OCTAVIANO, Leslie Anne O. 2006-33060

The Law on Local Governments Prof. Gisella D. Reyes

Mendova then filed a complaint for physical injuries with the Municipal Circuit Trial Court of San JulianSulat, Eastern Samar which was dismissed by the respondent Judge on the ground of prescription. Complainant filed with the Office of the Court Administrator an administrative complaint against respondent judge. He alleged that in dimissming the case, respondent judge didnt apply the provisions of Section 410(c) of the LGC. In his comment, respondent admitted that he was wrong and that he had a mental lapse due to heavy workload in applying the rule of prescrption in the RPC instead of the LGC. The OCA found respondent guilty and recommended that he be fined P3,000.00 with a warning that a commission of similar acts will be dealt with more severely. Issue: WON respondent judge is administratively liable for dismissing the criminal case on the ground of prescription Held: NO. The Court has repeatedly stressed that an administrative complaint is not the appropriate remedy for every irregular or erroneous order or decision issued by a judge where a judicial remedy is available, such as an MR. Besides, to hold a judge administratively accountable for every erroneous ruling or decision he renders, assuming he has erred, would be nothing short of harassment and would make his position doubly unbearable.
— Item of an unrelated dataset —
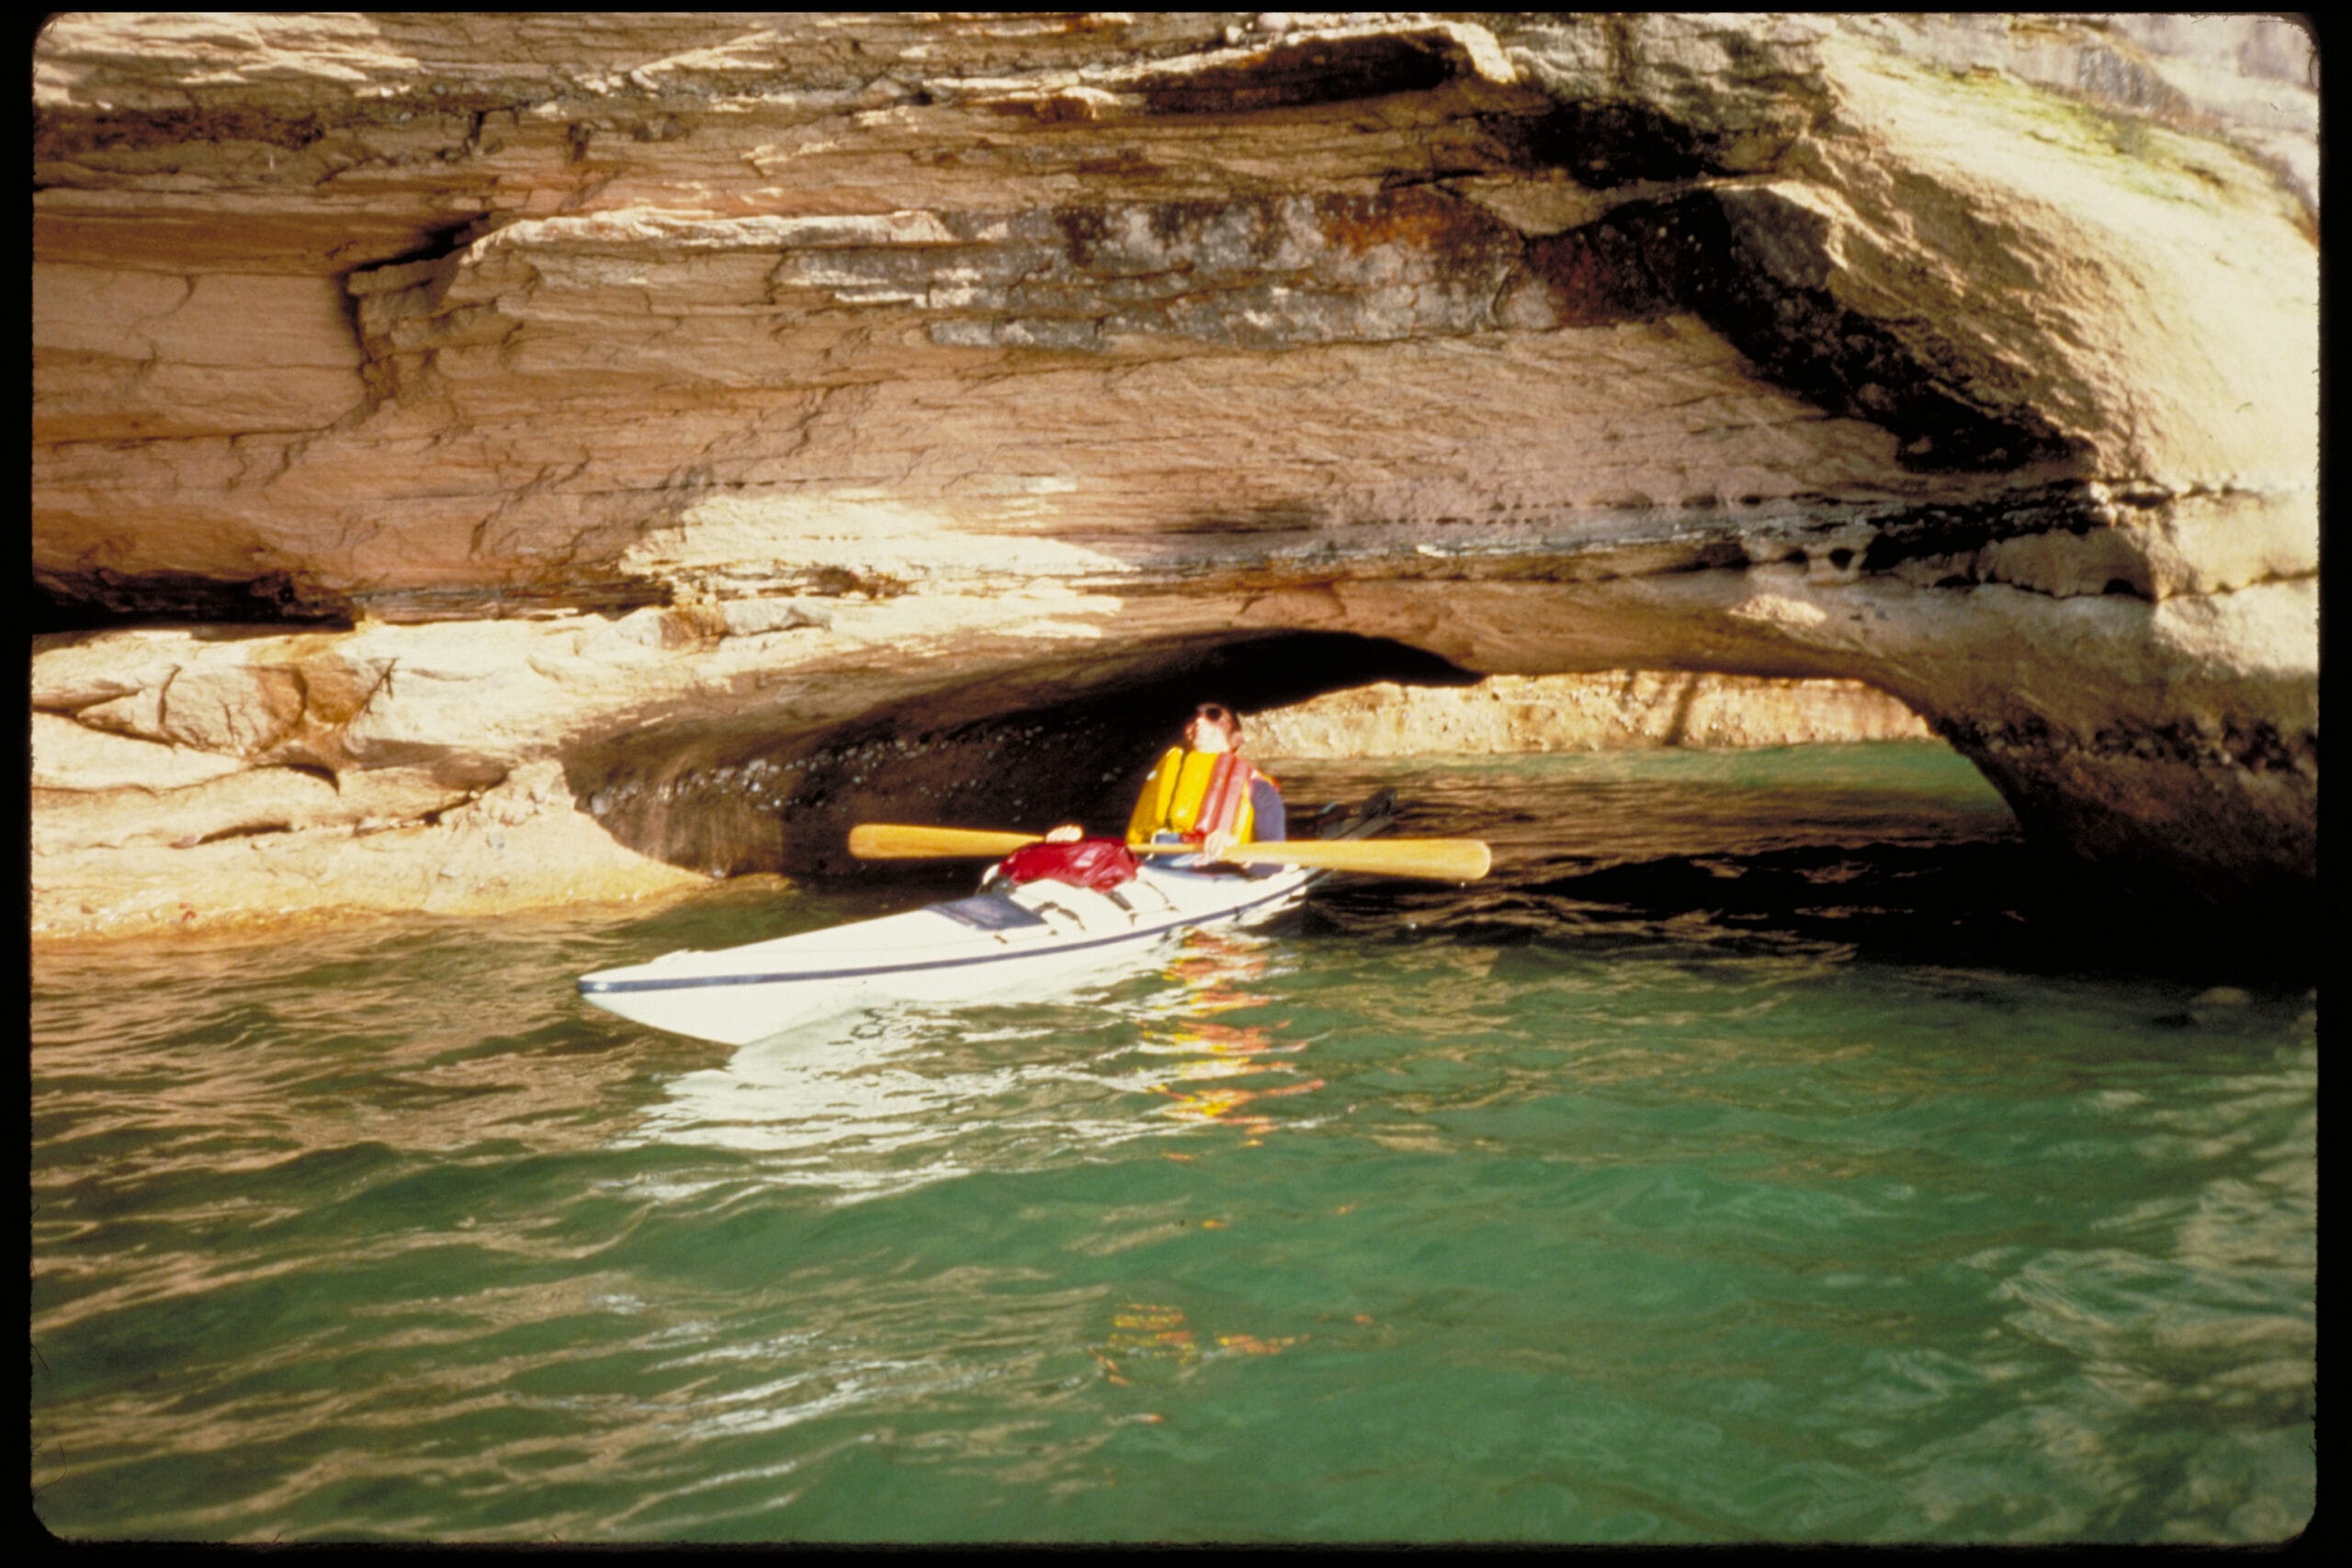 A person is kayaking through a cave.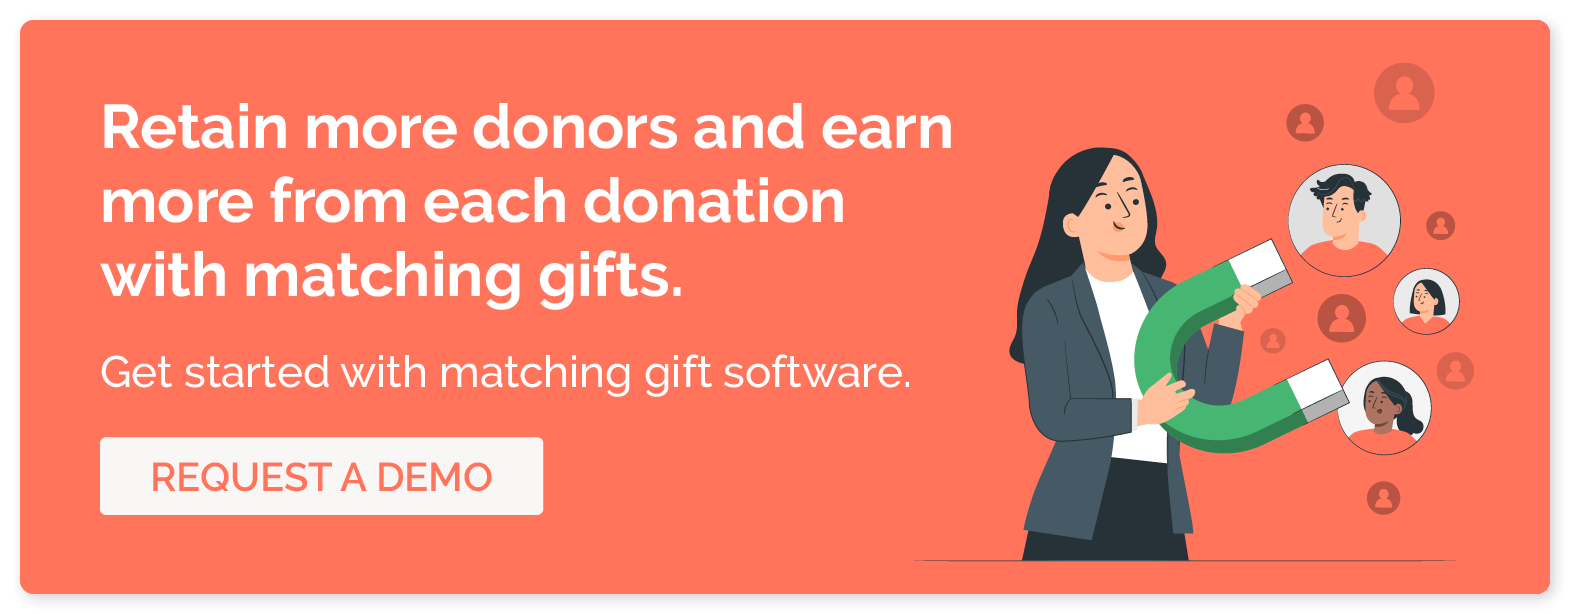 Retain more donors and earn more from each donation with matching gifts. Get started with matching gift software. Request a demo.

It is only where the error is so gross, deliberate and malicious, or incurred with evident bad faith that administrative sanctions may be imposed against the erring judge. In the case at bar, the records show that Mendova did not bother at all to file an MR. No reason was advanced why complainant failed to do so. Thus, the administrative complaint is premature. Moreover, pursuant to Section 410(c) of the Local Government Code, the prescriptive period is interrupted upon filing of the complaint with the barangay, and resumes upon receipt by the complainant of the Certification to File Action issued by the Pangkat Secretary of the barangay. In the present case, records fail to show when the complainant received the Certification to File Action. Complainant failed to present proof of his receipt of the Barangay Certification and so clearly, he cannot now fault respondent judge for dismissing the case on the ground of prescription. While respondent judge admitted his mistake, such may not be considered ignorance of law. It can only be an error of judgment.